- Task to complete: Copy each line of the listing below exactly and drop the images.

Raw data START

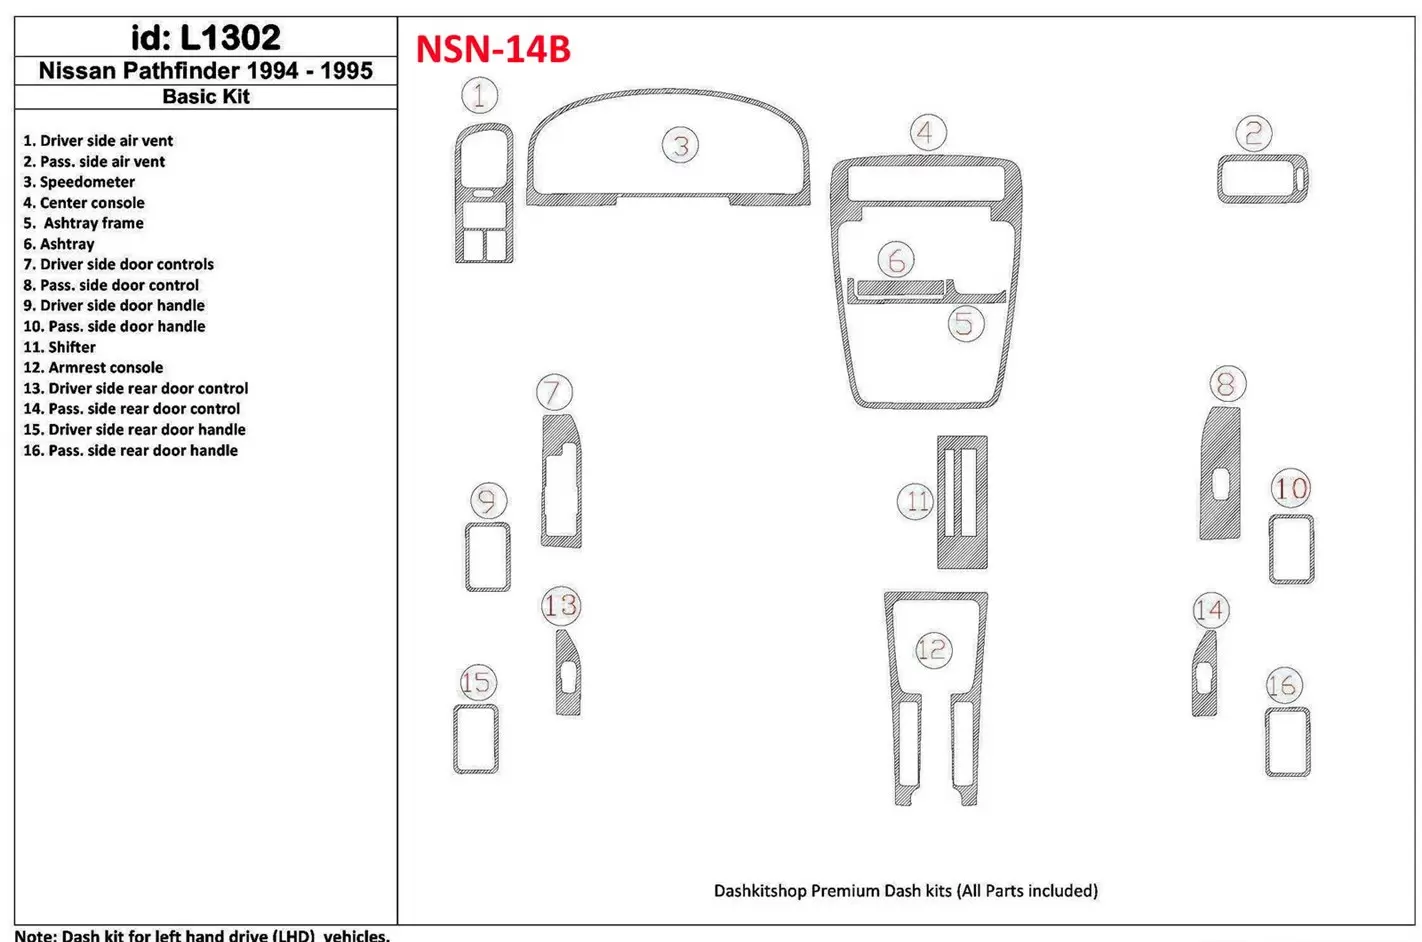 Nissan Pathfinder 1994-1995 Paquet de base, 16 Parts set BD Kit la décoration du tableau de bord - 1 - habillage decor de tablea
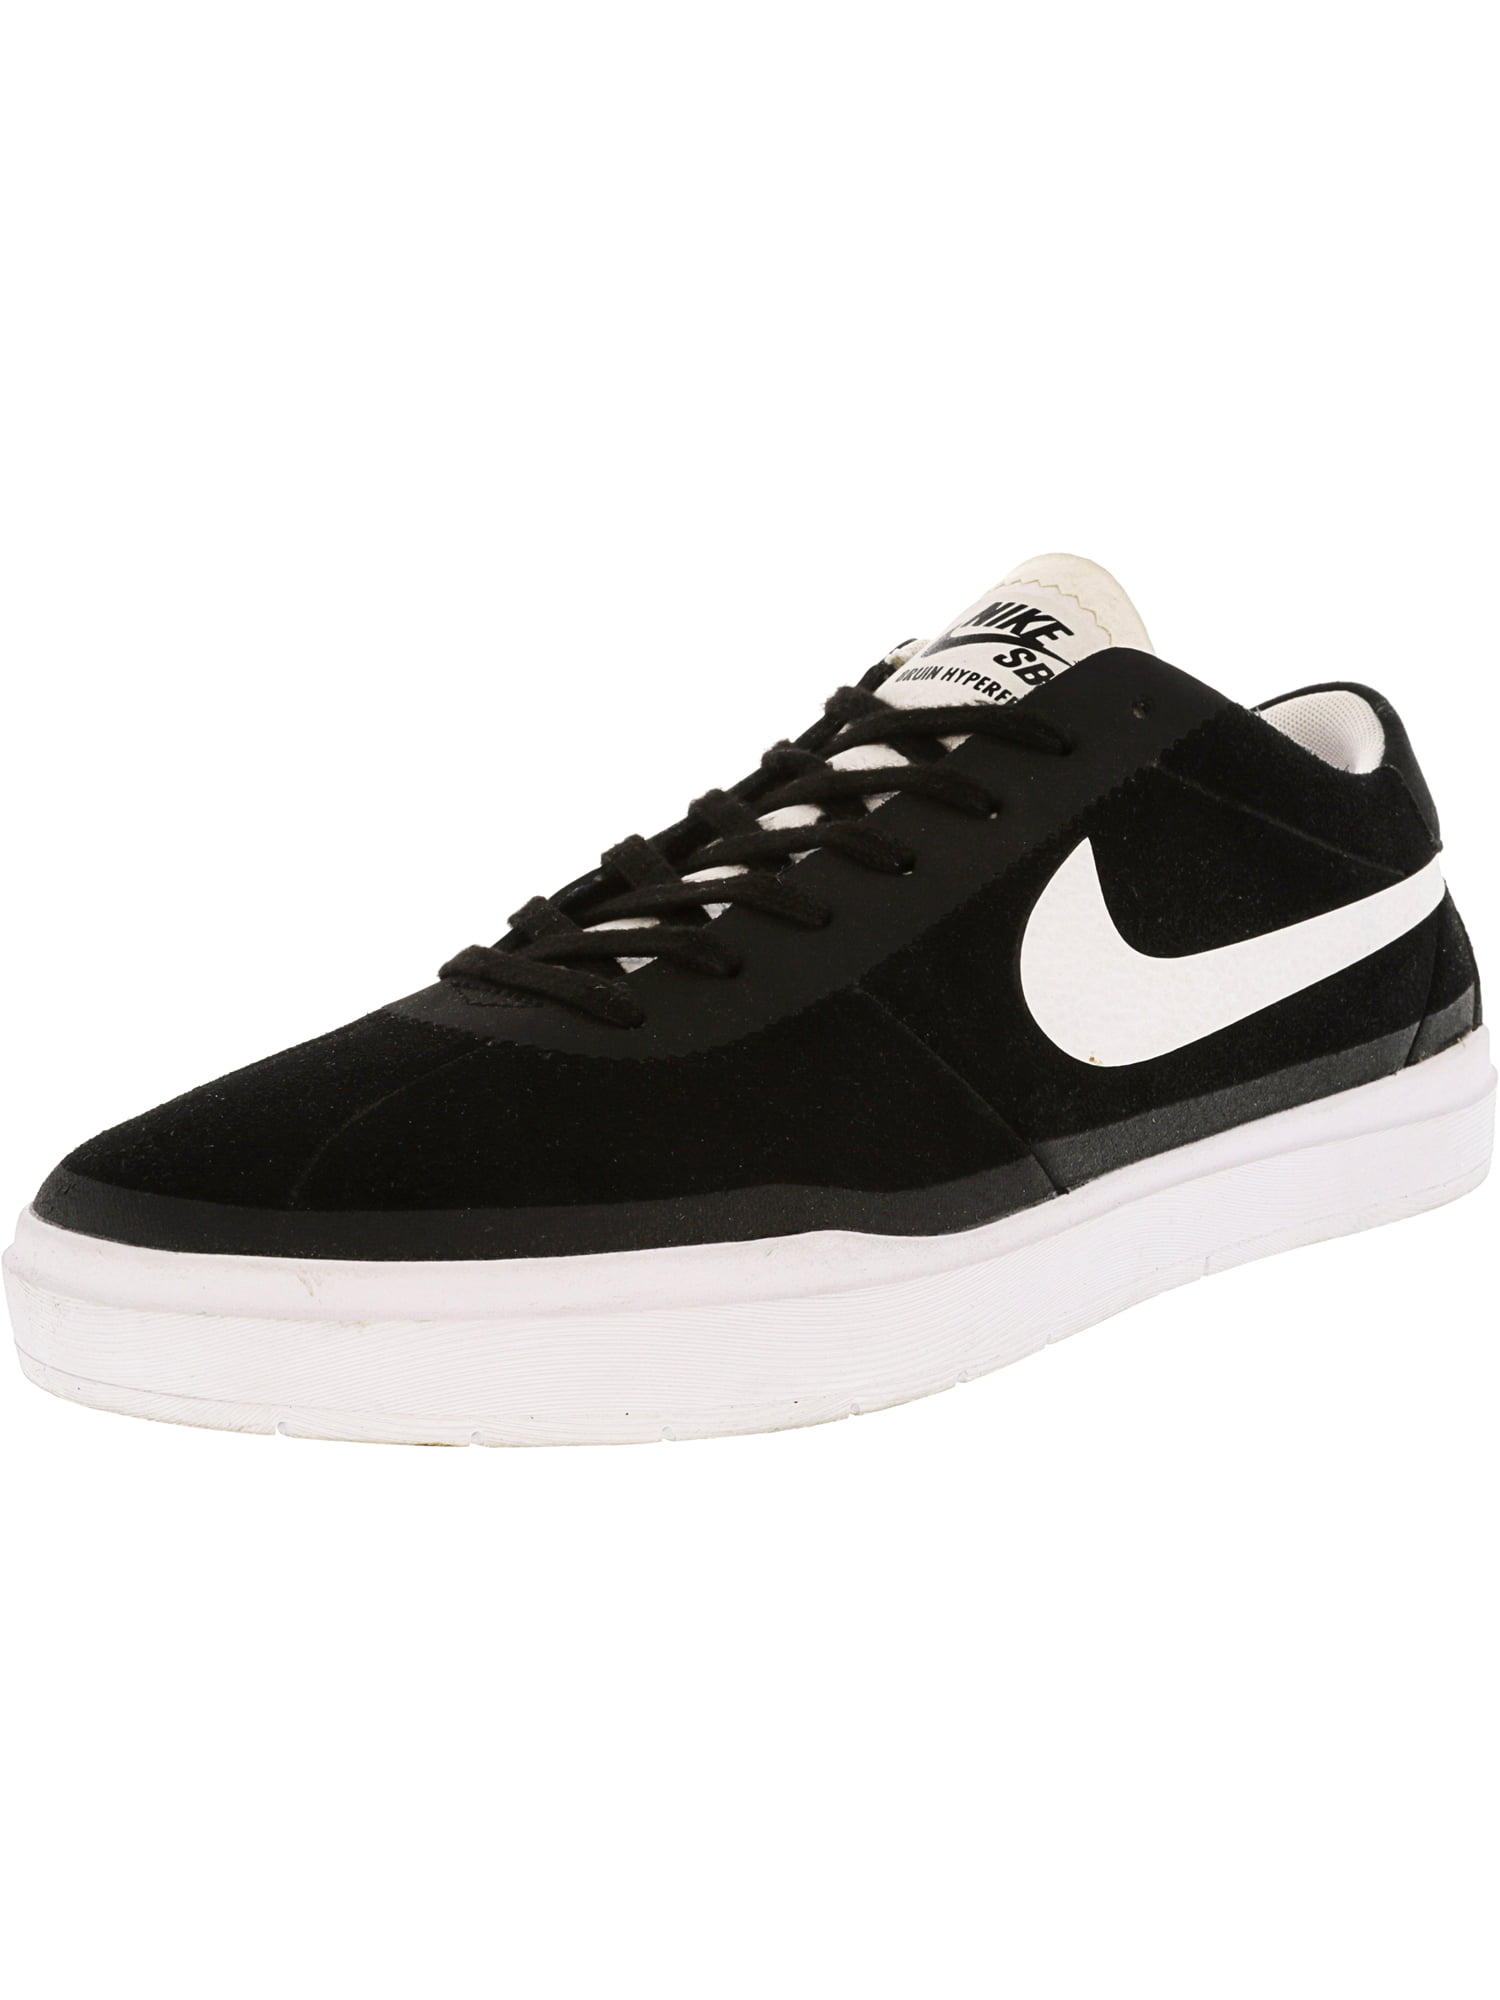 Verdrag Manier Pasen Nike Men's Sb Bruin Hyperfeel Black / White Ankle-High Suede Skateboarding  Shoe - 10.5M - Walmart.com
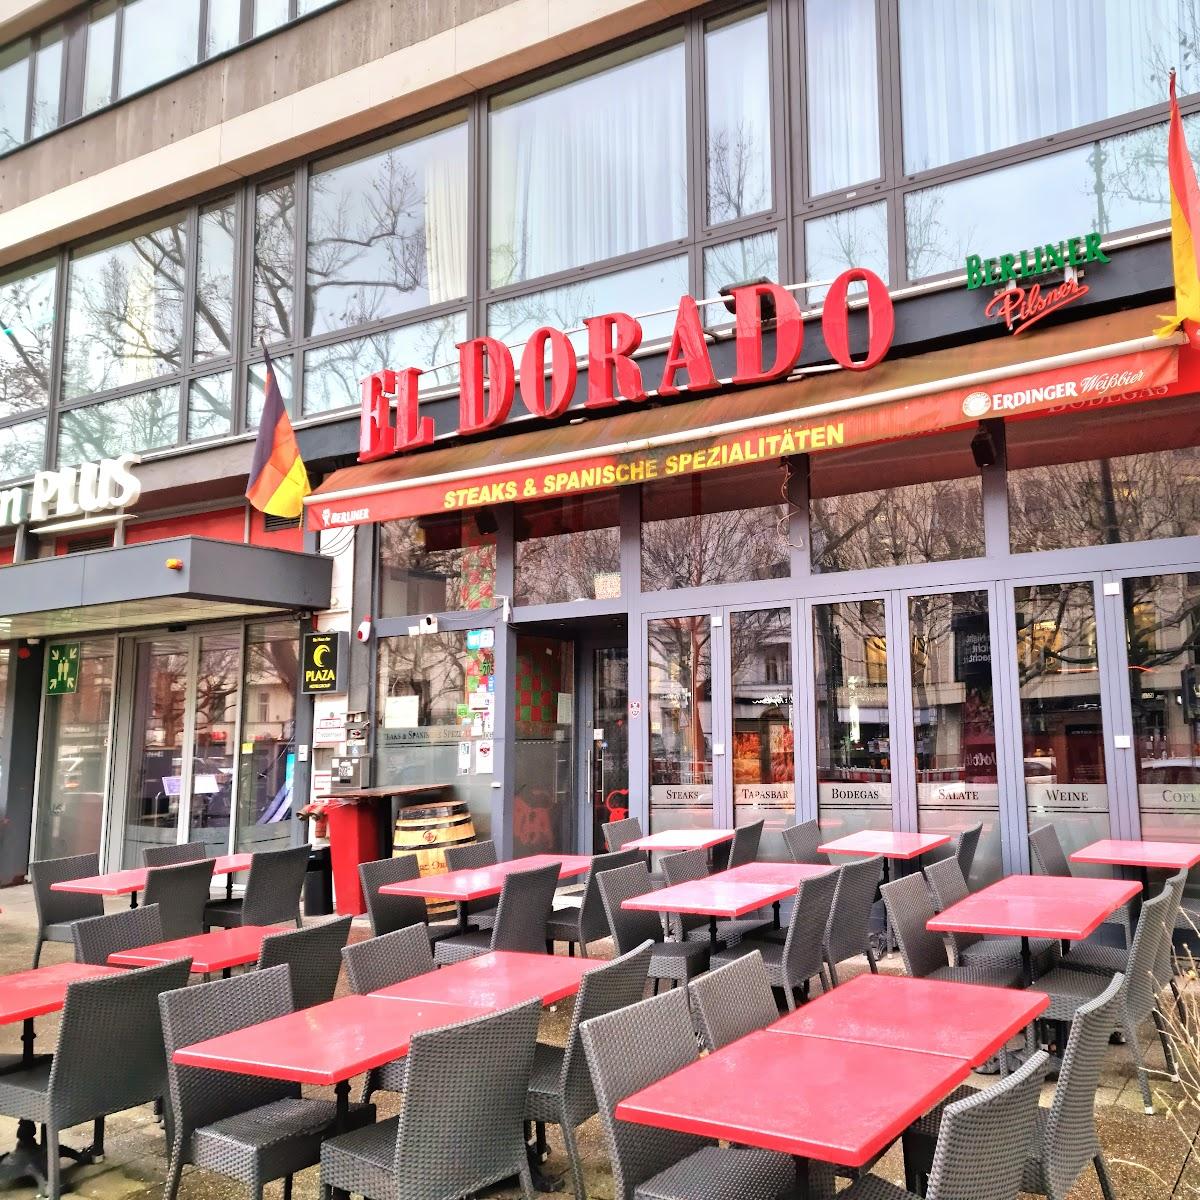 Restaurant "Restaurant El Dorado" in Berlin

Raw data END

- Solution to this problem:
 Nissan Pathfinder 1994-1995 Paquet de base, 16 Parts set BD Kit la décoration du tableau de bord - 1 - habillage decor de tablea
 Verdrag Manier Pasen Nike Men's Sb Bruin Hyperfeel Black / White Ankle-High Suede Skateboarding  Shoe - 10.5M - Walmart.com
 Restaurant "Restaurant El Dorado" in Berlin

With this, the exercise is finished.